Review

Angela Gheorghiu should be wonderful here, but she isn't - Adriana Lecouvreur review

Adriana Lecouvreur
Angela Gheorghiu performs in Adriana Lecouvreur at the Royal Opera Credit: Alastair Muir

What on paper looked like being the strongest aspect of this performance transpired as the weakest.

Playing the title-role in an otherwise satisfying revival of Cilea’s spoony melodrama, Angela Gheorghiu is celebrating a quarter-century of appearances at Covent Garden. David McVicar’s staging of the piece was specially mounted for her here in 2010, and the character of the capricious but enchanting actress of the Louis Quinze era could have been created with her in mind: the music certainly massages her ability to produce a steady flow of softly beautiful tone and the story allows for numerous changes of flattering costume. Granted these gifts, Gheorghiu should be wonderful. But she isn’t.   

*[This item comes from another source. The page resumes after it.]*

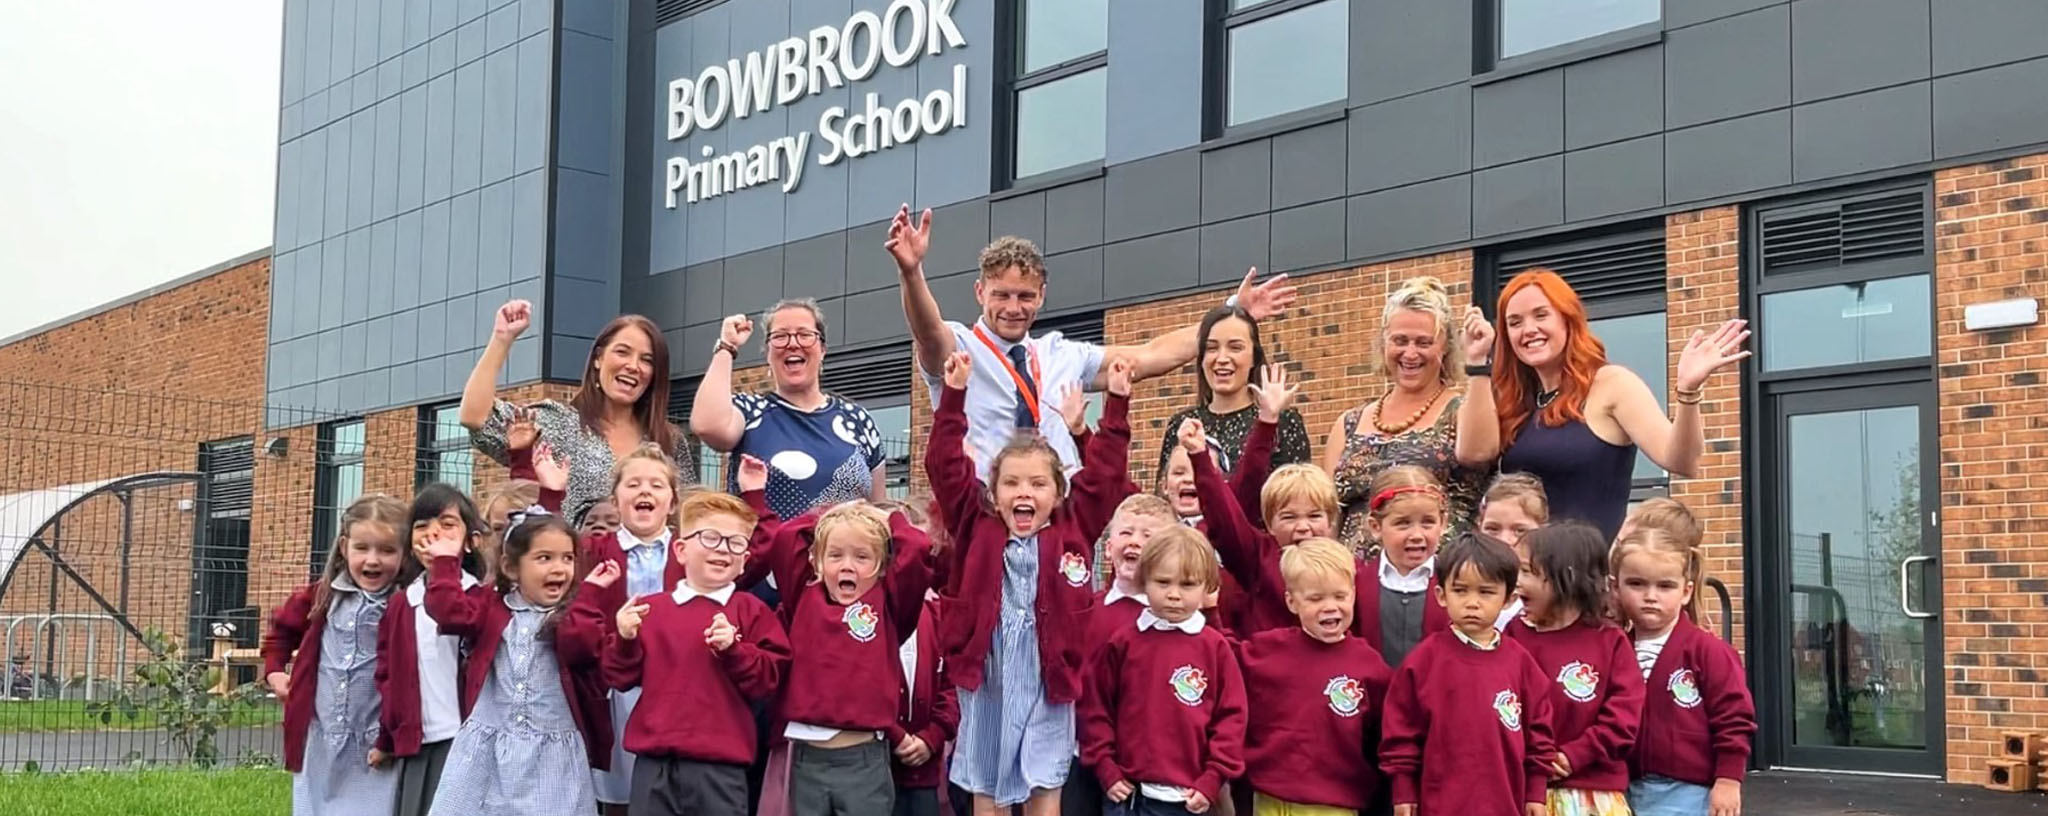 Bowbrook Primary School

The problem wasn’t her customary reluctance to draw on more than 50 per cent of what’s she got in the tank, or her costive refusal to risk a note that might imperil her immaculate coiffure or toilette: for once, she is positively animated.

Adriana Lecouvreur
Angela Gheorghiu in Adriana Lecouvreur Credit: Alastair Muir

As a prima donna of the old school, Gheorghiu clearly identifies with Adriana’s emotional nature – her whims, her jealousies, her passions – and she acts out the Sturm und Drang vividly and even touchingly. But she is 51 now, and even allowing for the possibility of an off-night (something that normally leads her to withdraw), she cannot bend her voice to her will as she did when she first sang here in the early Nineties.

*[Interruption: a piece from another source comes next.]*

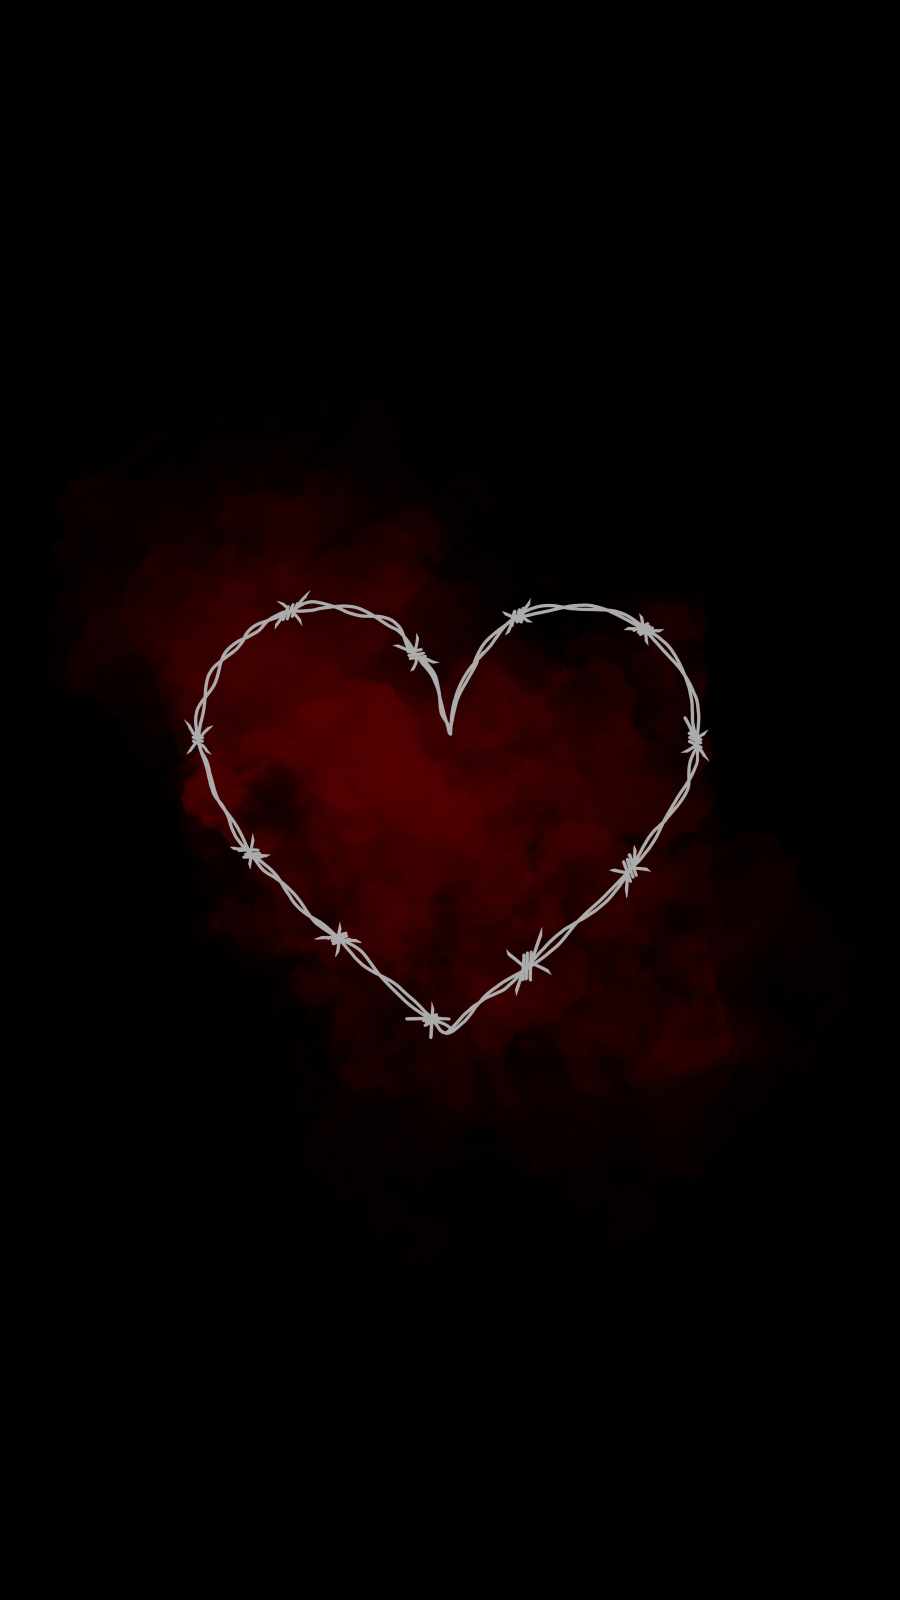 Heart in Razor Wire iPhone Wallpaper

Through the first three acts, her intonation was insecure and attempts to launch airy subtleties went adrift – sounds that once evoked the velvet of a vintage Port turned vinegary, and phrases that had seemed spun gold emerged tarnished and lumpy. Her big aria “Io son l’ umile ancella” made scant effect. Only in the final minutes, as Adriana unwittingly inhales the poison sent by her rival and evanesces in one of opera’s most protracted death scenes, did she strike top form and justify her reputation.

Adriana Lecouvreur
Angela Gheorghiu in Adriana Lecouvreur Credit: Alastair Muir

Otherwise she was out-sung (and out-applauded) by her fellow principals: Brian Jagde virile and plangent as her lover Maurizio, flashy newcomer Ksenia Dudnikova as the scheming Princesse de Bouillon, and especially that truly great artist Gerald Finley, wasted but wonderful as Adriana’s long-suffering impresario and confidant Michonnet.

Daniel Oren conducts with plenty of verve if not ideal rigour, and McVicar’s elegant production, sumptuously designed by Charles Edwards, has been crisply resuscitated by Justin Way. It’s a longish evening for something of little musical substance, but the spectacle guarantees a good night out.